Их было около ста пятидесяти человек, они были хорошо вооружены и прекрасно экипированы, а значит, могли нанести немалый вред нападающим, если бы тех не считали непобедимыми, потому как верили, что они и есть сущие исчадья ада.
Сын Красного корсара решительно бросился к церкви, призывая своих людей:
— Вниз, друзья!
Флибустьеры после громких побед, одержанных ими в разных местах перешейка, очень рассчитывали на внушаемый ими ужас; они залпом разрядили свои ружья.
Кавалеристы попытались было пойти в безнадежную атаку, но потом развернули лошадей и в беспорядке отступили по городским улицам.
Некоторые уже попадали с лошадей и лежали мертвыми или умирающими у ступеней церкви.
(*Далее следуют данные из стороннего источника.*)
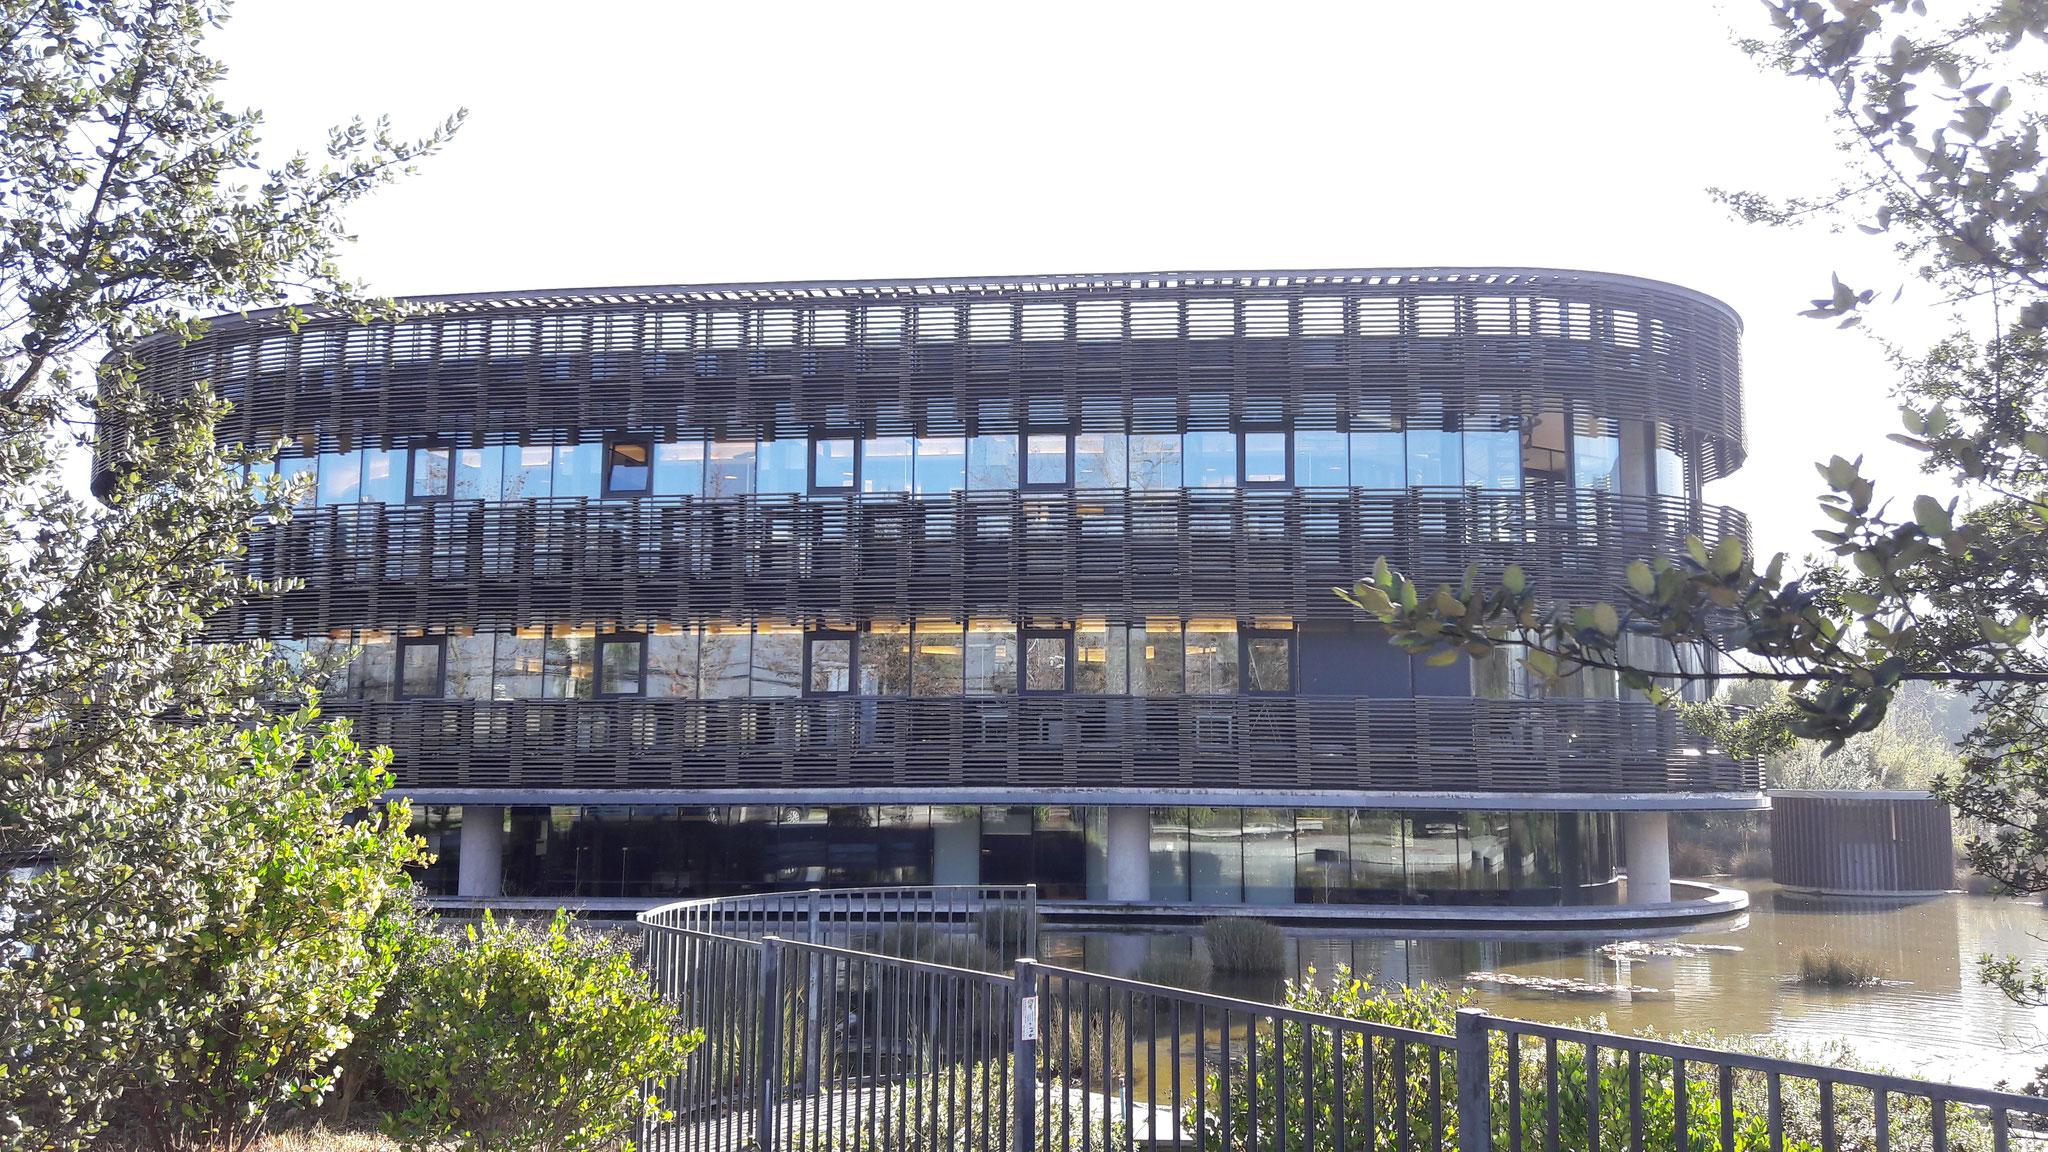 ENERGY NT, Edificio Transoceanica, Santiago, Chile

— Сейчас я рассчитаюсь с этим проклятым трактирщиком, — сказал гасконец. — Если только найду его…
Граф ди Вентимилья взял с собой дюжину флибустьеров и бросился в губернаторский дворец, из окон которого не было сделано ни одного ружейного выстрела; другие воспользовавшись какими-то бревнами, крушили дверь церкви, намереваясь заставить жителей города, спрятавшихся там вместе со своими ценностями, выйти наружу.
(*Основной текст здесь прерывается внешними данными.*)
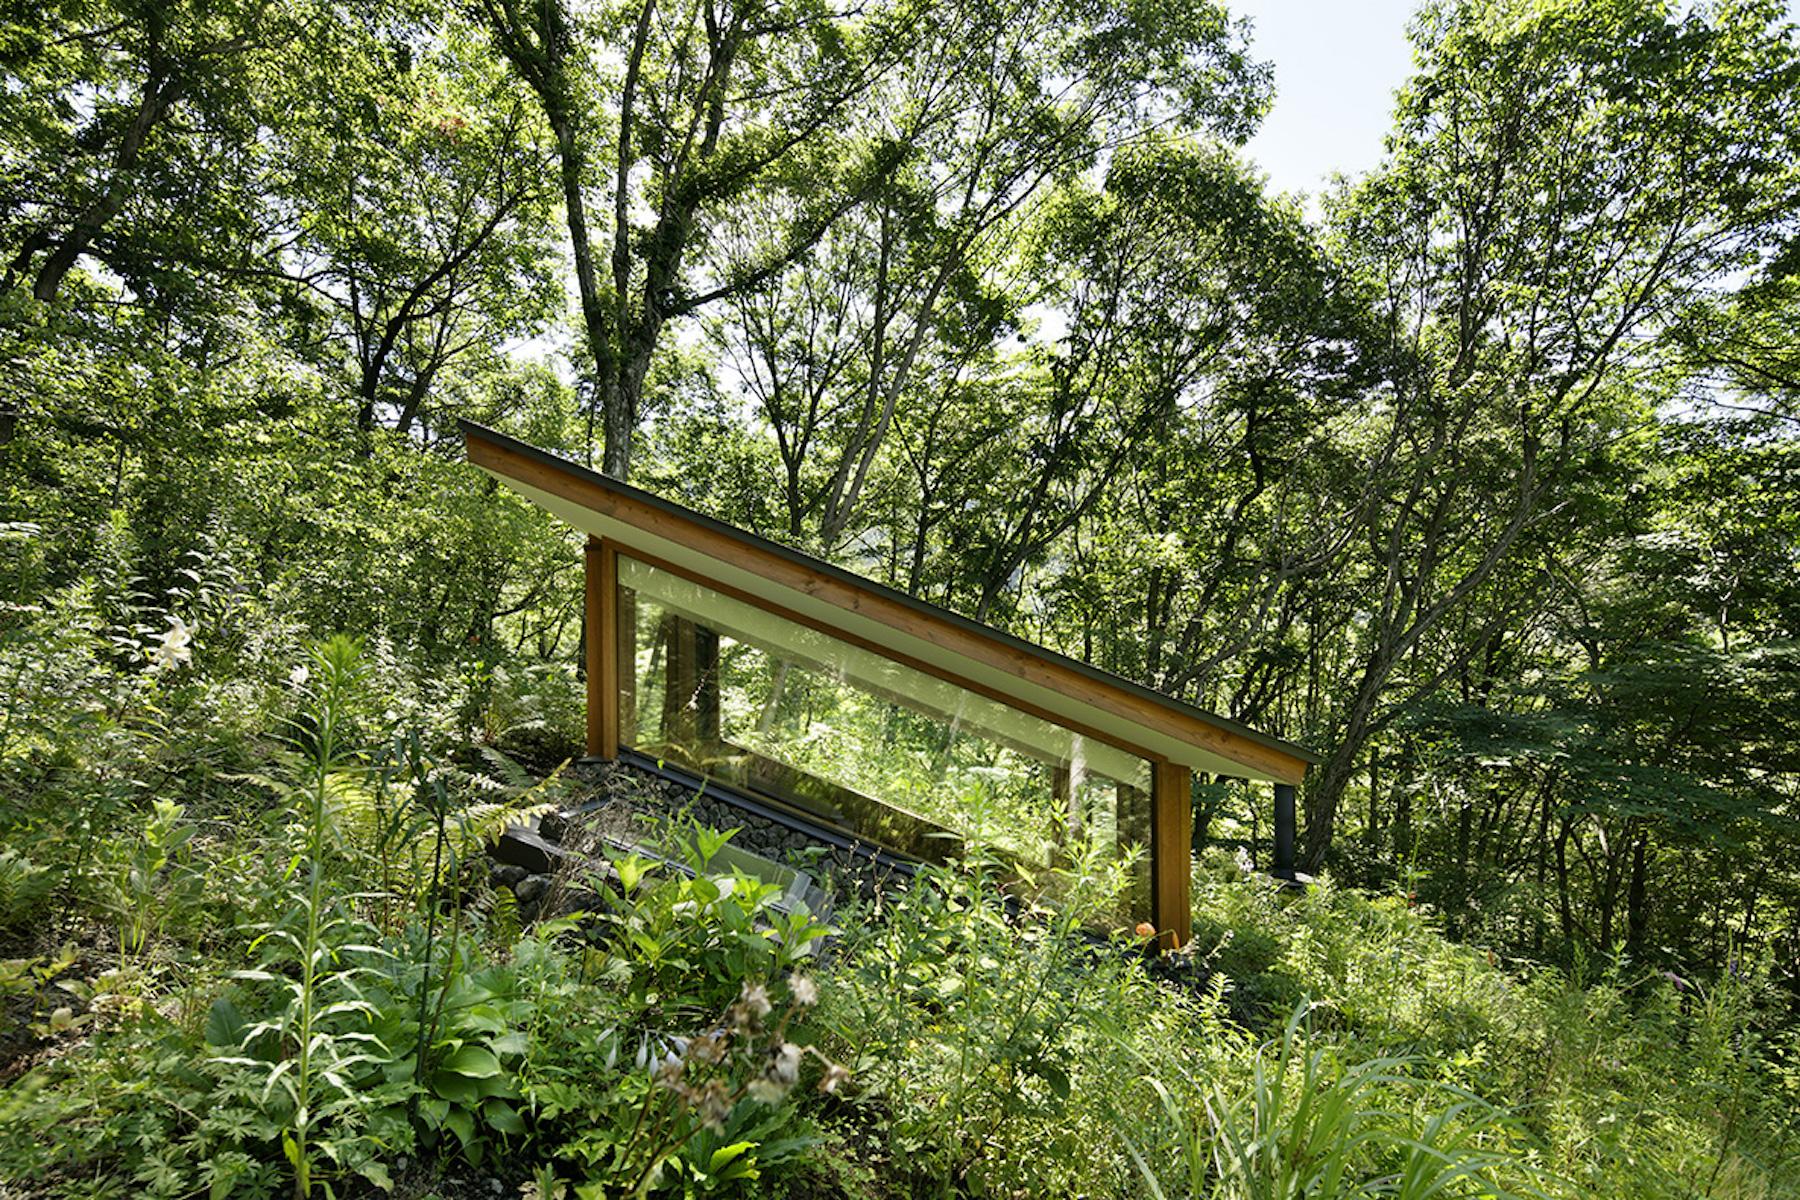 Arquitectura del paisaje por Hirosi Nakamura & NAP en Japón

Сопровождавшие графа гасконец, Мендоса и фламандец были готовы, защищая его, отдать свои жизни.
— Клянусь сотней тысяч чертей! Голуби улетели вместе с соколом, — убежденно говорил дон Баррехо, поднимаясь по лестнице. — Сеньор граф, моего милейшего друга маркиза де Монтелимара вы здесь не найдете. Бьюсь об заклад, он не окажет вам чести испить вместе чашку его изысканного шоколада.
Граф со своими людьми торопливо шел по залам дворца, отшвыривая мебель и распахивая двери.
Они нашли только семерых алебардщиков, спрятавшихся в каморке под связками стеблей сахарного тростника. Но среди них оказался человек, уже знакомый Мендосе и гасконцу.
— Ах, ты, осипшая труба! — воскликнул дон Баррехо. — Командир эскорта! Эй, приятель, граф д’Алкала очень хотел бы услышать ваш благозвучный голосок. Говорил же я вам, если не ошибаюсь, что вы меня еще увидите, и притом очень скоро.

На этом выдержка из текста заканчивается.